**What is required:** Copy out the data exactly as it appears, without a single image.

Data excerpt Start Marker

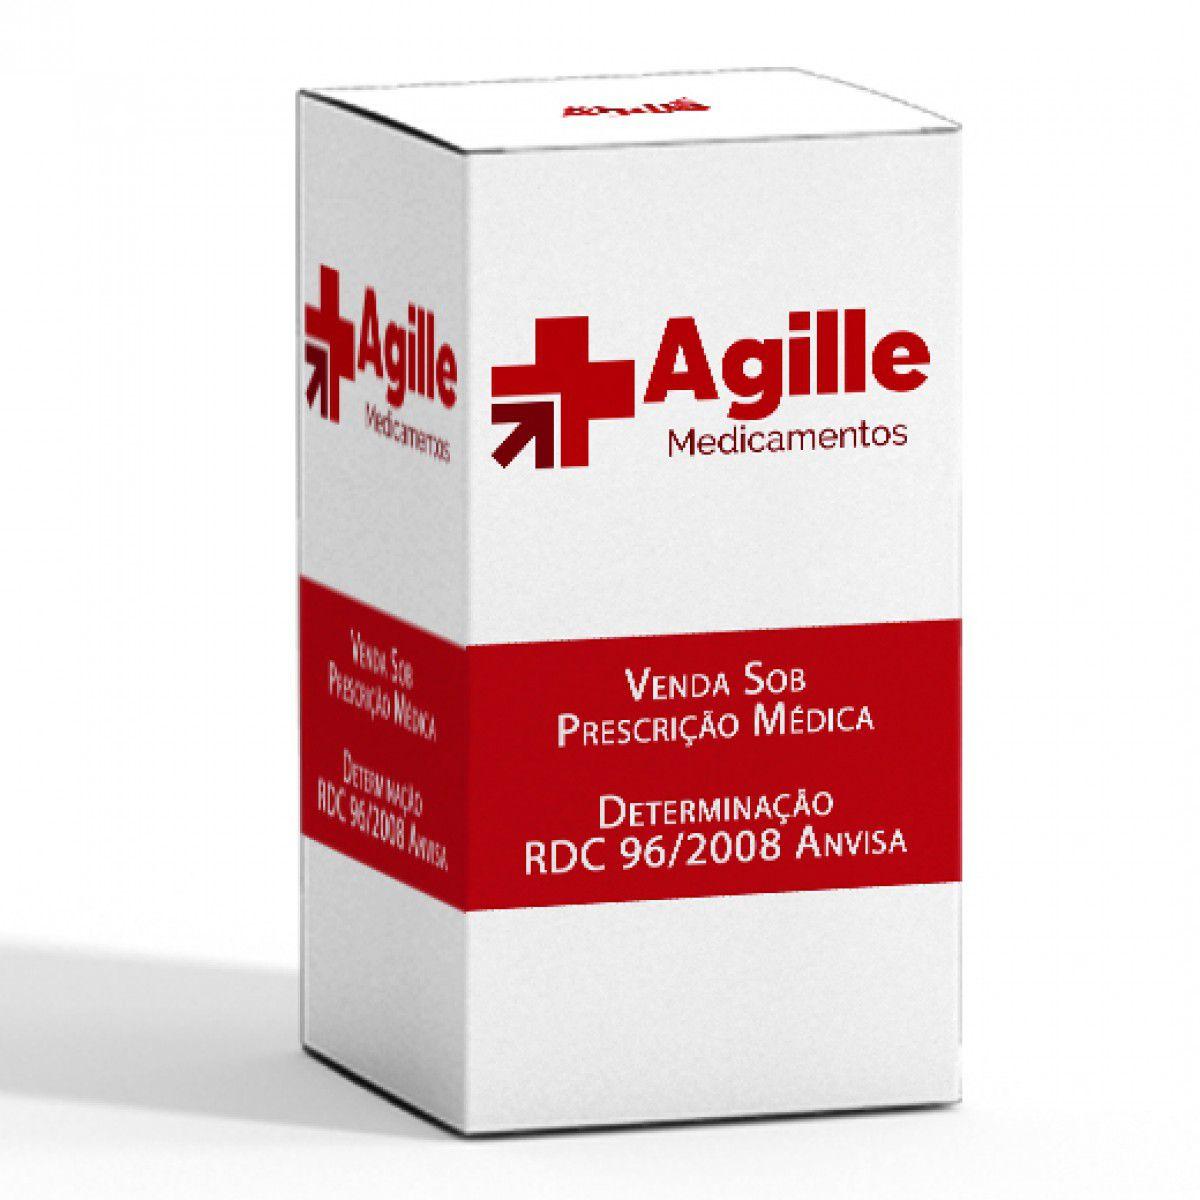 HUMIRA 40mg inj 2ser x 0,8ml+lenco  - Agille Speciality
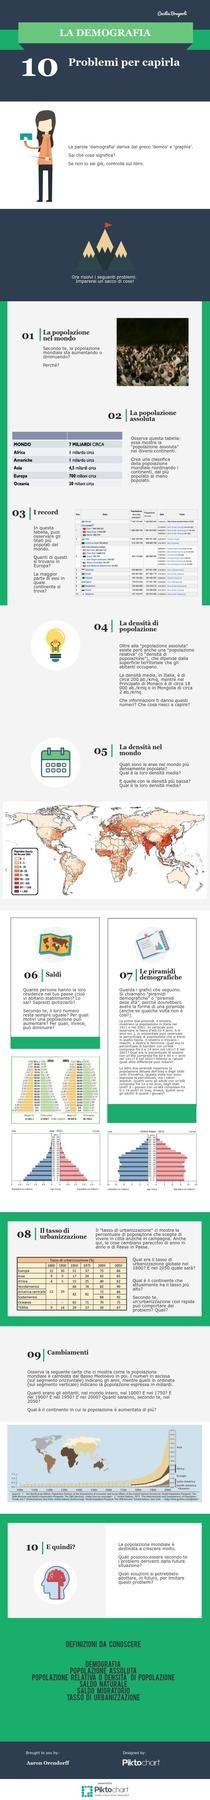 La demografia | Piktochart Infographic Editor
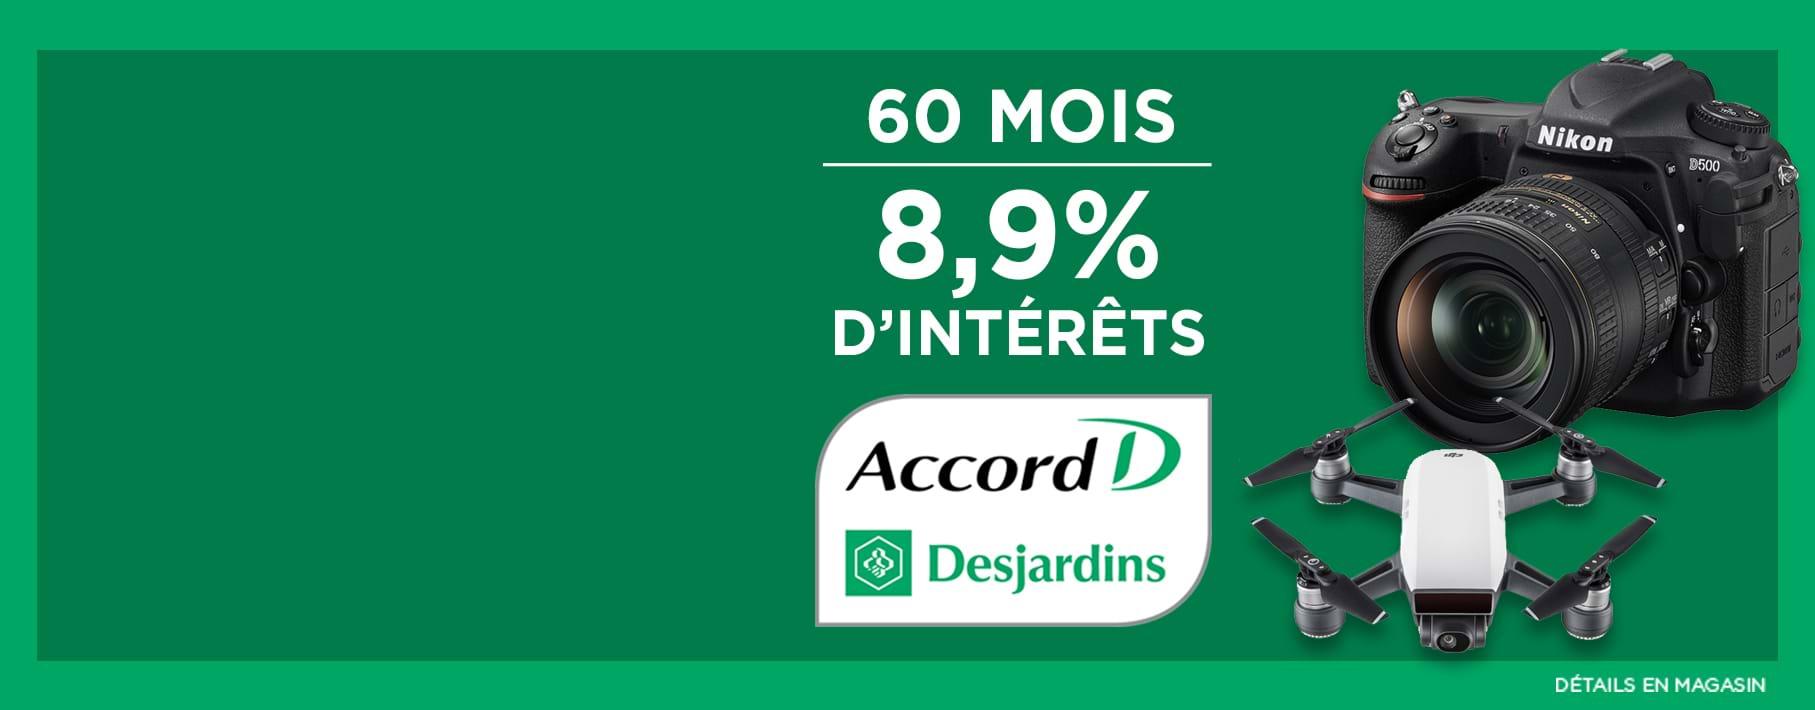 Accord D Promo

Data excerpt End Marker

**Your response:**
 HUMIRA 40mg inj 2ser x 0,8ml+lenco  - Agille Speciality
 La demografia | Piktochart Infographic Editor
 Accord D Promo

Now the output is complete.